# Martingales with bounded stopping time

Let $$(M_n)_{n\in\mathbb{N}}$$ be a discrete martingale with $$M_n \in L^2\ \forall n\in\mathbb{N}$$ and $$S,T$$ bounded stopping times with $$S\leq T$$ a.s.. Show $$E[(M_T − M_S)^2|\mathcal{F_s}]= E[M_T^2 − M_S^2|\cal{F_s}]\ a.s.$$

I tried $$E[(M_T − M_S)^2|\mathcal{F_s}]=E[(M_T^2 -2M_TM_S + M_S^2)^2|\mathcal{F_s}]= E[M_T^2|\mathcal{F_s}]-2E[M_TM_S|\mathcal{F_s}]+E[M_S^2|\mathcal{F_s}]$$ but it does not seem very useful...

I really don't know what to do now. Thanks for any help!!

## 1 Answer

$$E[(M_T − M_S)^2|\mathcal{F_s}]- E[M_T^2 − M_S^2|\mathcal{F_s}]$$ $$=E[2M_S^{2}-2M_TM_S|\mathcal F_S)$$ $$=2M_SE[M_S-M_T |\mathcal{F_s}]=0$$ by Optional Sampling Theorem.

[$$2M_S$$ pulls out of the conditional expectation because it is measurable w.r.t. $$\mathcal F_S$$].

• Thank you!
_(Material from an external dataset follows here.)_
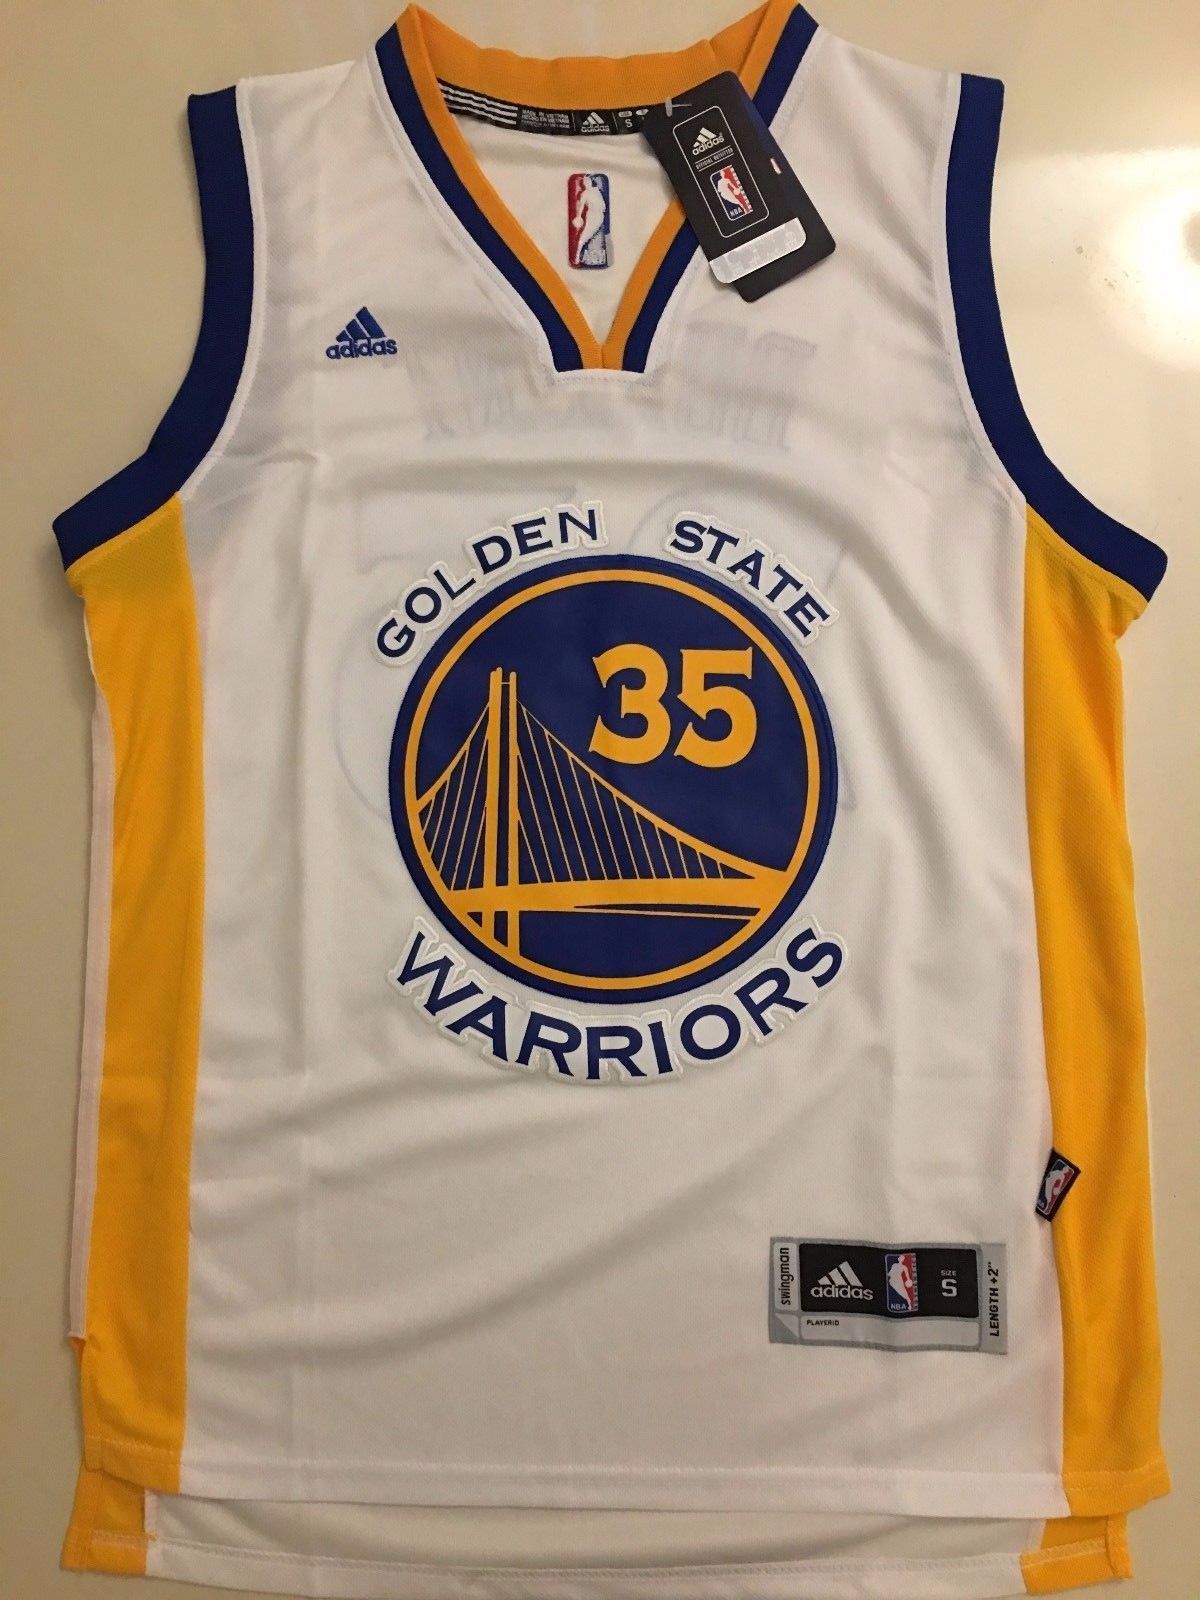 kevin durant in golden state jersey

What exacty did you use to obtain $=0$? Our theorem says "$E(M_T|\mathcal{F}_S)=M_{min\{S,T\}}$" for all bounded stopping times $S,T$, so I could use $E(M_T-M_S|\mathcal{F}_S)=E(M_T|\mathcal{F}_S)-E(M_S|\mathcal{F}_S)=M_S-M_S=0$?
– Uhmm
Apr 11 at 12:12
• @Uhmm Yes, that is correct. Apr 11 at 12:13